Of course, there are some shades of grey here. I believe most people accept that some remnants of commercialism can be tolerated in exchange for chance to help other alcoholics. There's a vast difference, for example, between an AA group hosted on Yahoo! Groups, MSN Groups, Paltalk or similar services, which run advertising in exchange for their free services, and a retail site masquerading as an AA group simply to secure direct profits for the site owner.

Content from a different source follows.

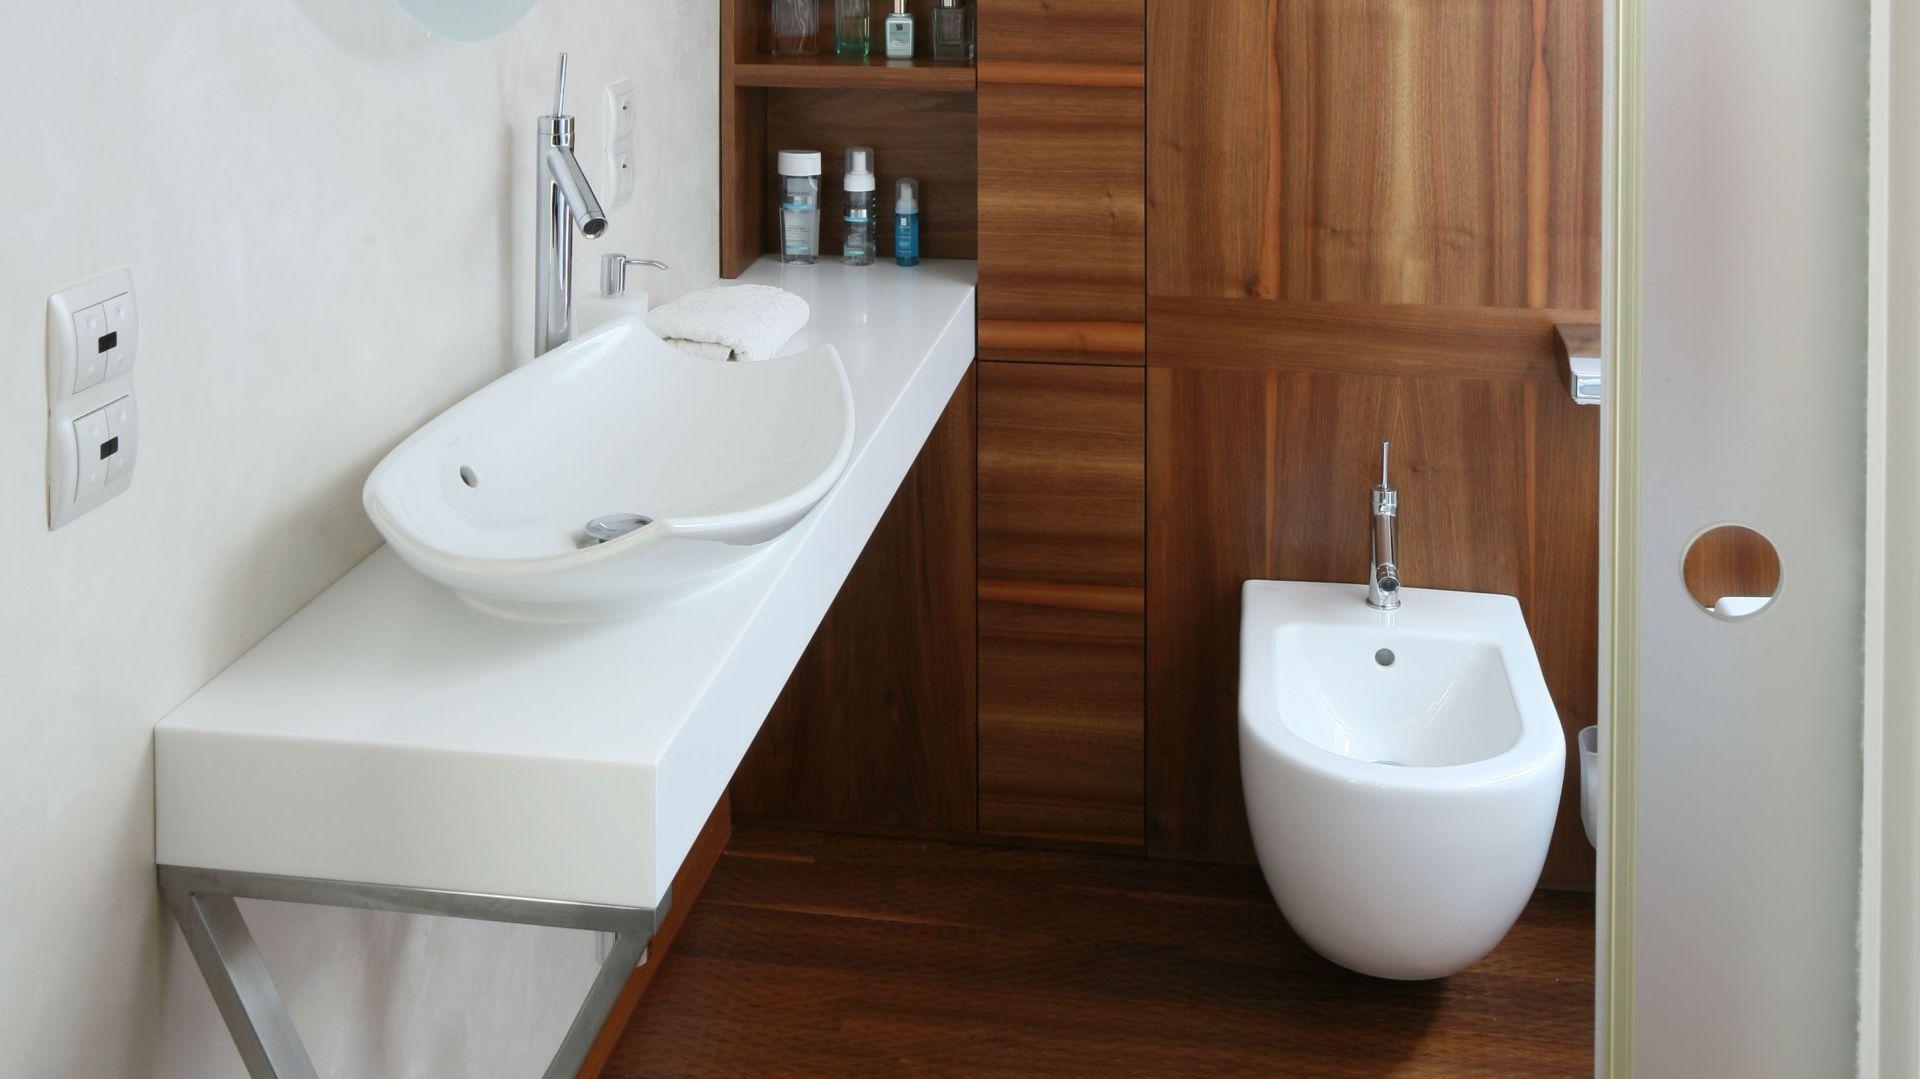 Białe ściany zostały wykończone odpornym na wilgoć tynkiem dekoracyjnym, naturalne drewno dodaje łazience przytulnego klimatu. Fot. Bartosz Jarosz

And I believe most people also realize that the groups on Yahoo! and similar services grudgingly put up with the advertising so that they can sincerely reach out to alcoholics in need -- much in the same way groups in the brick-n-mortar world have been using church basements and rooms in other non-program establishments to reach out to alcoholics the world over.

Still, the fact remains that there are hordes of online hucksters perverting the AA message for their own, personal gain.

The solution, I think, can be found in the Serenity Prayer: accept the things I cannot change, and change the things I can. Most likely, AA will never be able to eradicate all the sites looking to cash in on the AA name. But AAers can at least expose those sites for what they are, and take great care to have nothing to do with those sites.

-Joe@aalivechat.com

Monday, January 03, 2005

Seen On The Web

Let's Do Lunch: In Hollywood, where everyone and his brother seems to have an agent, a man stands up at an AA meeting. "Hello," he says. "My name is Bill. I represent Ken, who is an alcoholic."
-Archie, Alcoholic Anonymous 2 (http://groups.yahoo.com, keyword alcoholicanonymous2)

No Standing Zone:
The length of time that it takes for people to take the Steps varies with each individual. I'm going to be a little controversial here because I believe it needs to be said: Most people suffer needlessly and take way too long to do the Steps. Certainly a cacophony of posts should follow but hear me out.

One of the traps that people often fall into is believing that they have all the time in the world to do the Steps. With most people coming into AA at, relatively speaking, high bottoms in many cases, we often find out that going to meetings almost daily and applying some will power gets us through without having to contend with those pesky steps. So, of course, why bother with Step 4 or whatever step we have little interest in taking? Our egos re-surge and tell us that we don't need all that drastic house cleaning.

Another trap we fall into is the self-directed program. We, ourselves, decide when it is time to move on to the next step. I know if I was left to my own devices I'd still be on Step 3. My sponsor told me when it was time to move to the next step. He certainly knew more than I about achieving sobriety. And he was right - he made me do Step 4 before I felt I was ready.

But then again, when am I really ready? When a rope is around my neck? The entire 12 Step process is marked by facing some unpleasant things about ourselves, facing some of our base fears, swallowing our pride, puncturing our egos, discarding old ideas for new. These aren't things that come naturally or easily to alcoholics as a class. They make us uncomfortable. They may be painful. It's simple but not easy.

We don't have to do the steps perfectly! My experience with each and every step has increased in the years that have transpired. And, believe it or not, working the last three steps each day mirrors the process of the first nine steps anyway. So, in an absolute sense, we can take our sweet time doing these steps.

The question becomes this:How long are we willing to continue to suffer from untreated alcoholism?
-Jim 8/8/80, Alcoholic Anonymous 2 (http://groups.yahoo.com, keyword "alcoholicanonymous2")

And Furthermore: It's never to early to get into our Steps. The point is to try and practice them to the best of our ability, not to master them when we think we are well enough.